_Requirement:_
Repeat the listing exactly, minus the pictures.

_Raw data:_
************
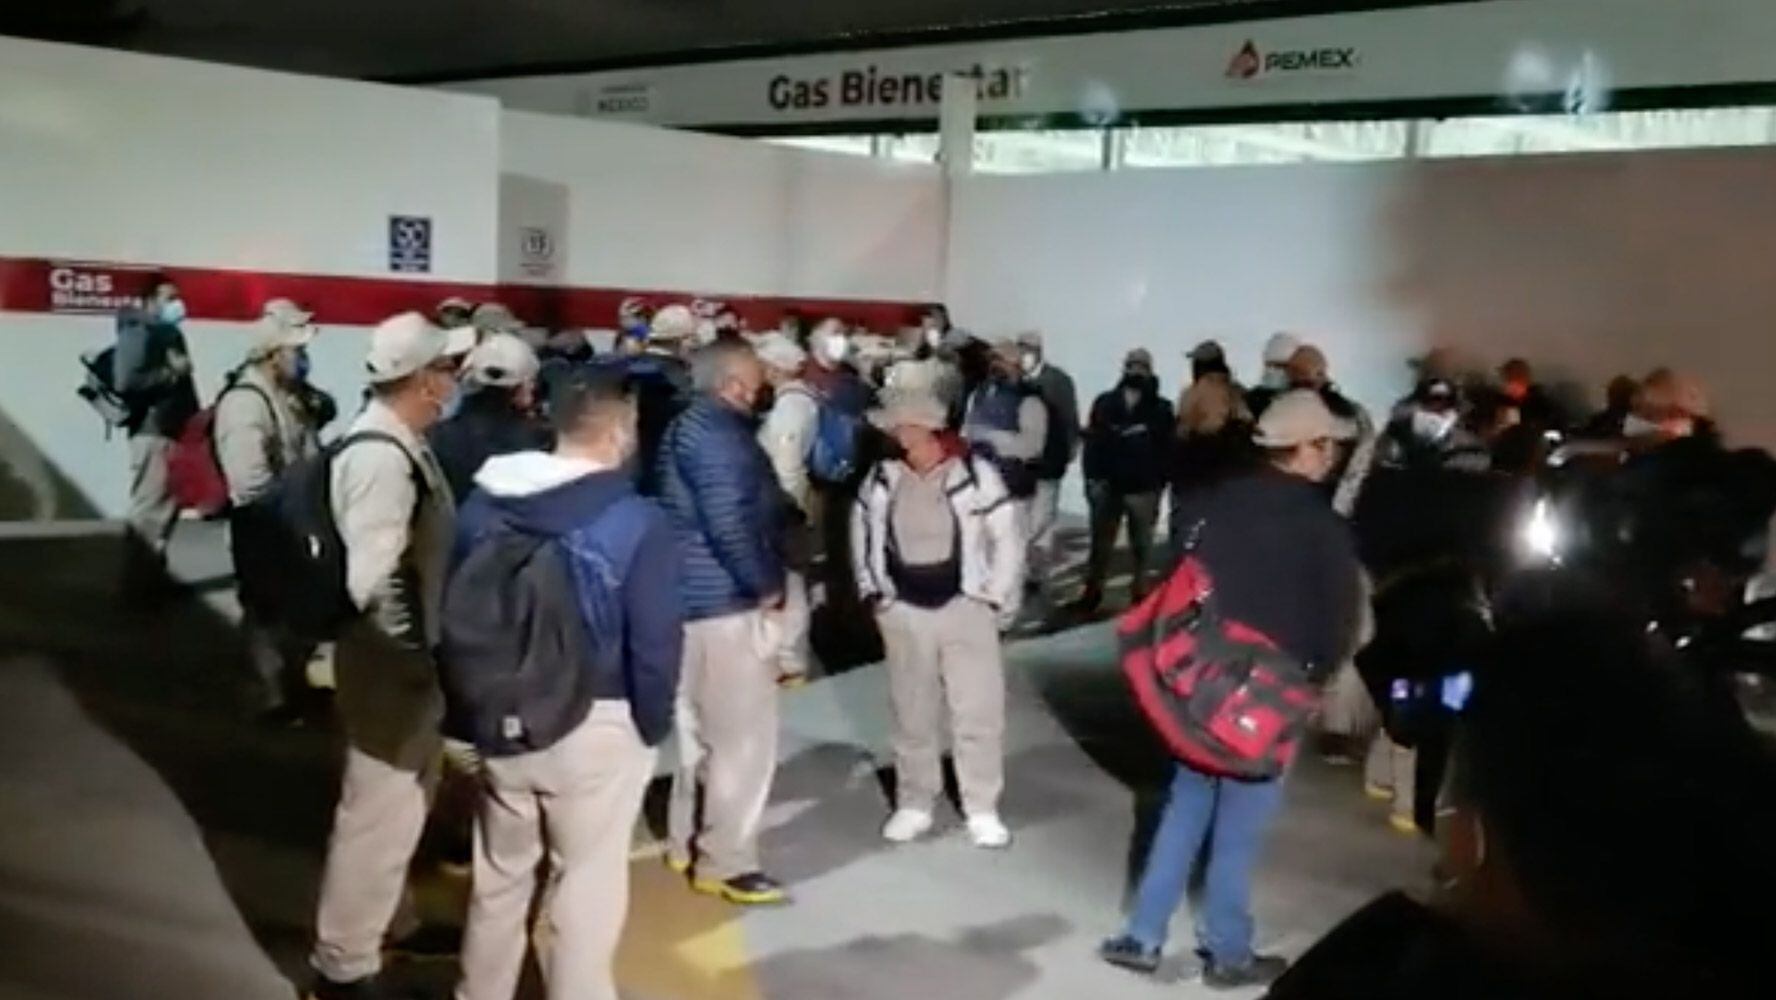 Trabajadores de Gas Bienestar protestan en CDMX por incumplimiento de contrato 
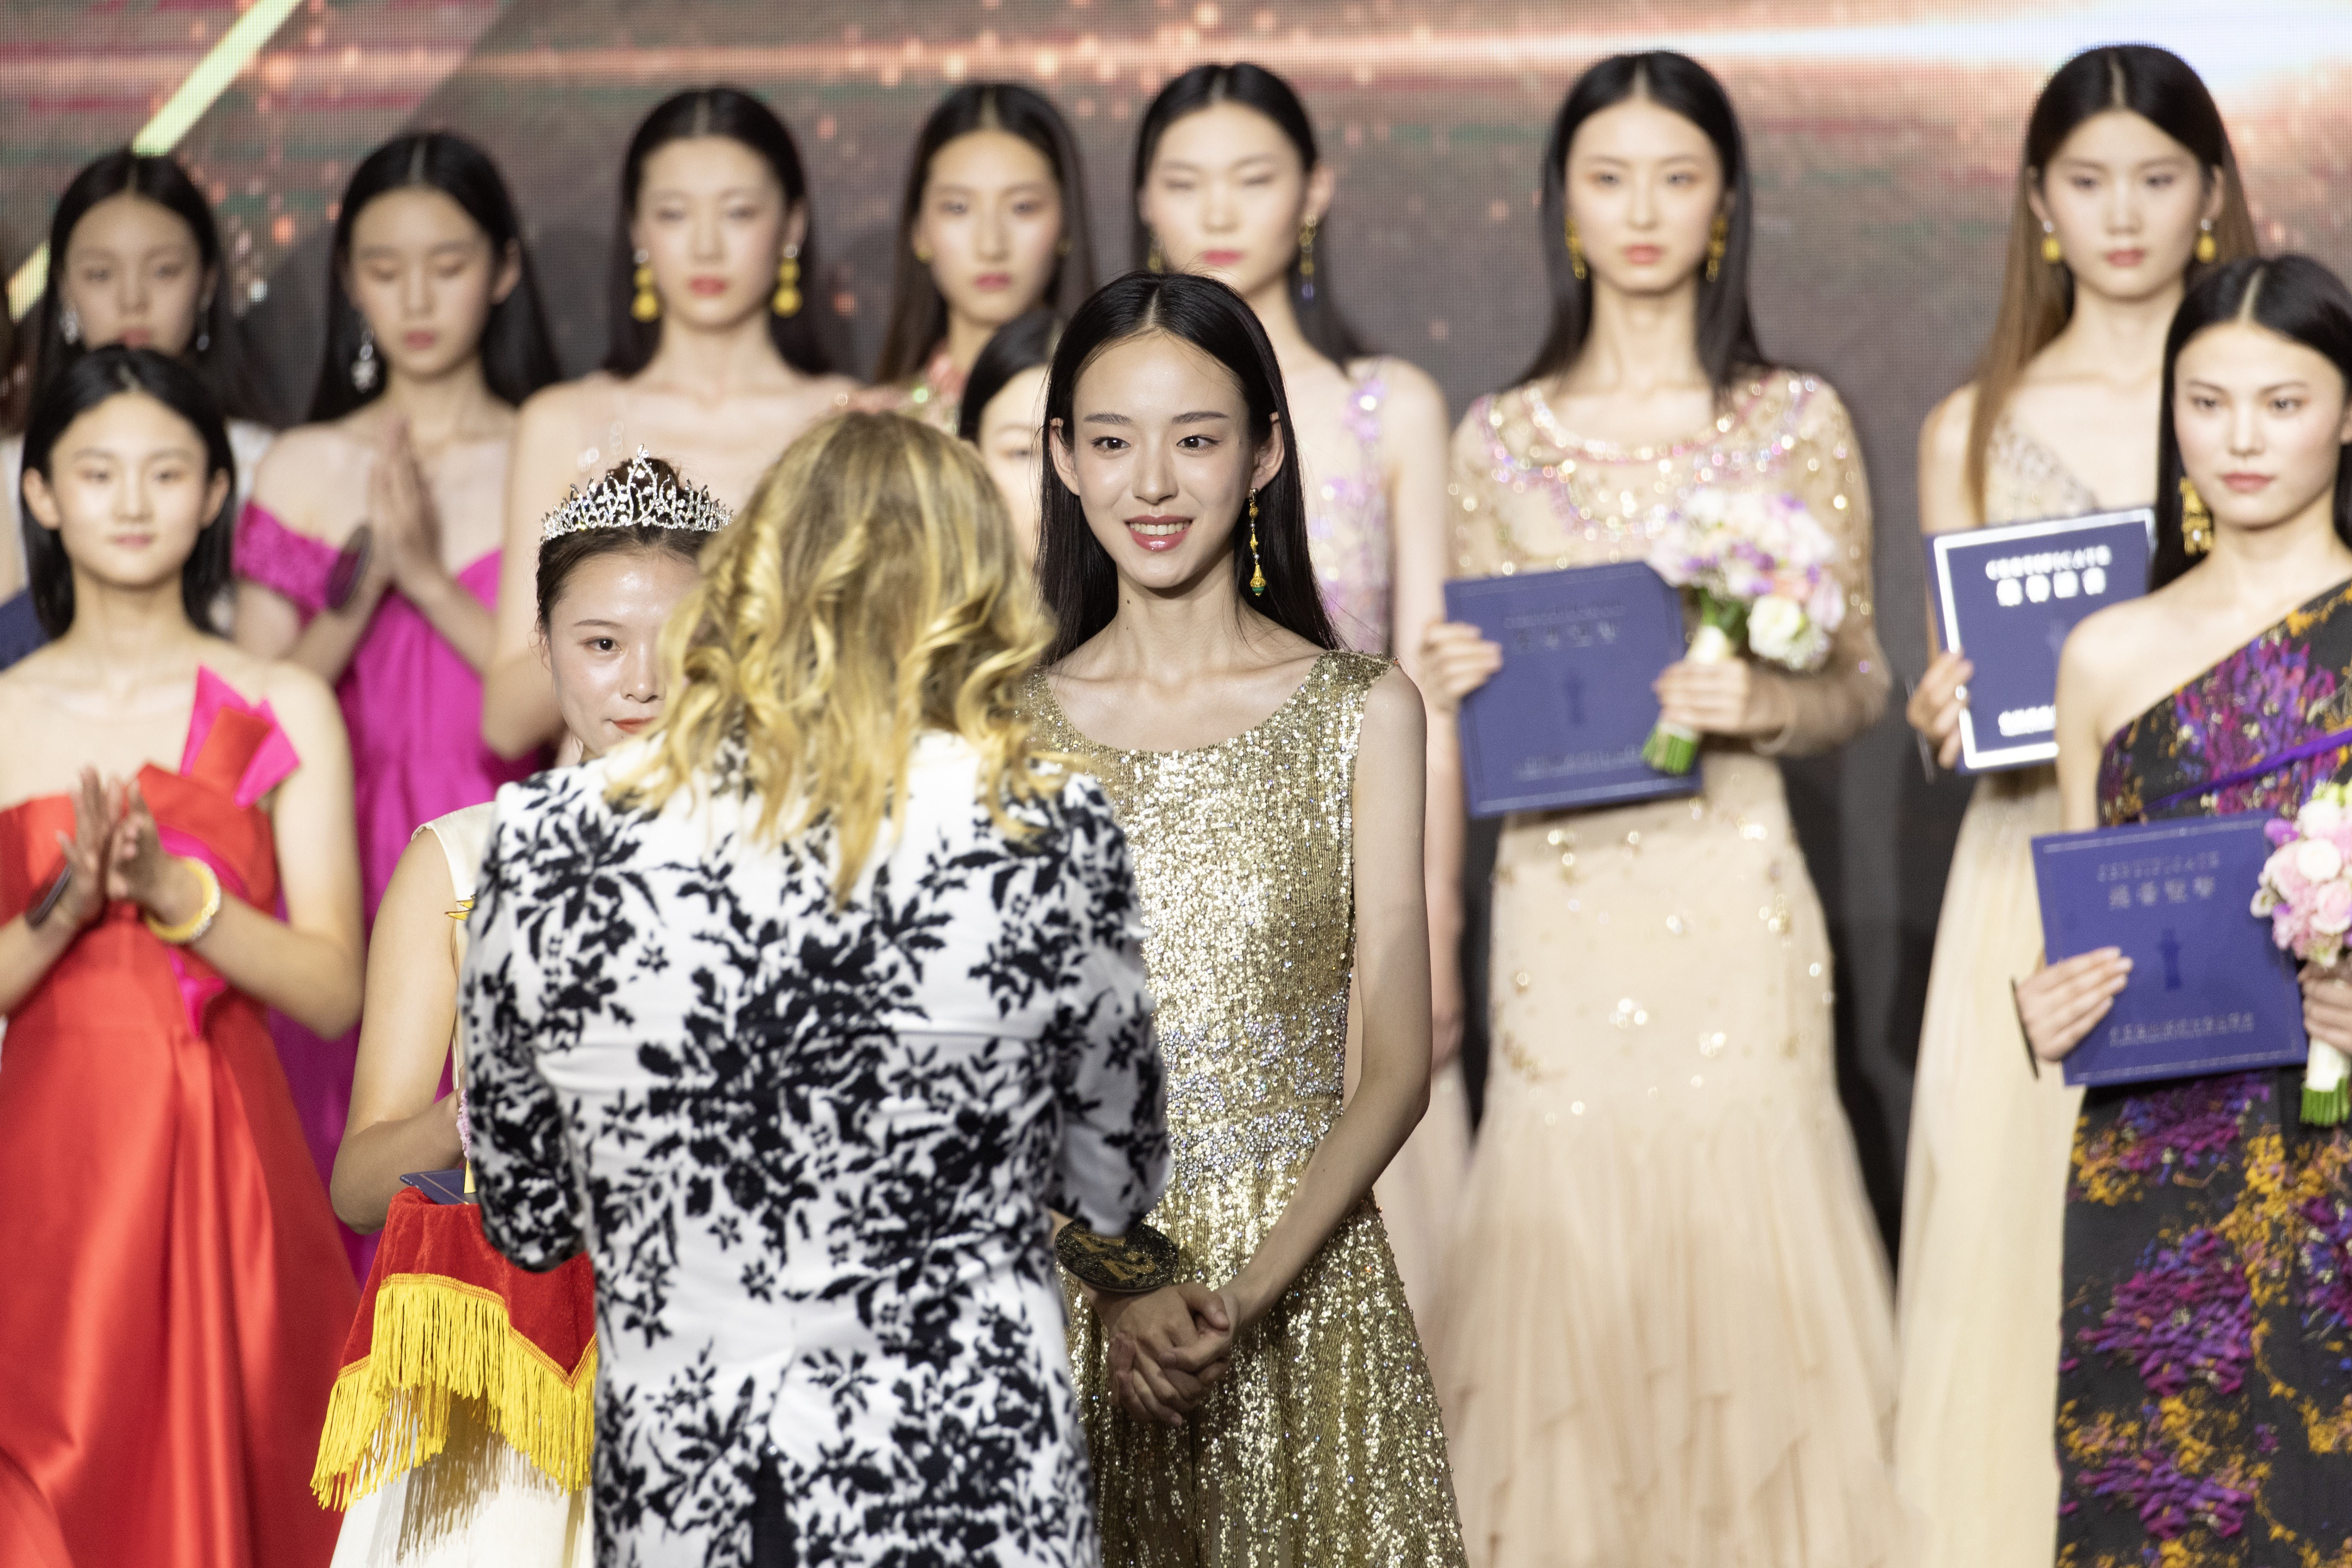 22号选手,18岁女孩代英明夺得第十四届中国超级模特大赛总决赛冠军
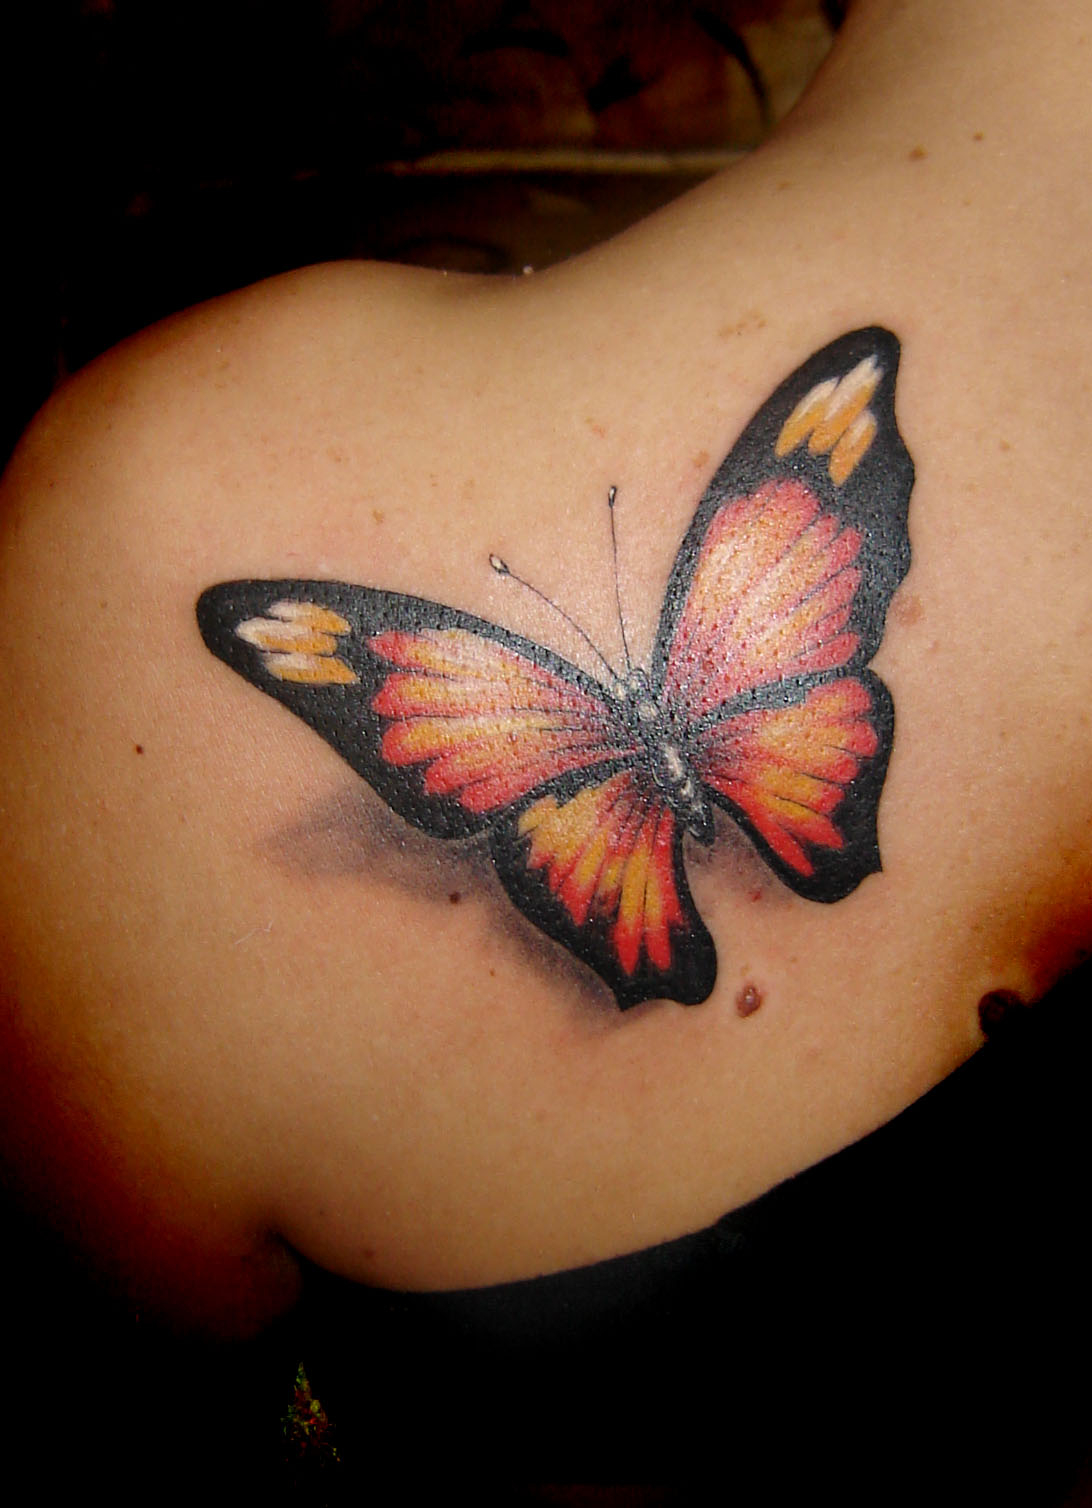 Art Sci Beautiful Butterfly Tattoo Designs regarding dimensions 1092 X 1508
************
_Response box:_
 Trabajadores de Gas Bienestar protestan en CDMX por incumplimiento de contrato 
 22号选手,18岁女孩代英明夺得第十四届中国超级模特大赛总决赛冠军
 Art Sci Beautiful Butterfly Tattoo Designs regarding dimensions 1092 X 1508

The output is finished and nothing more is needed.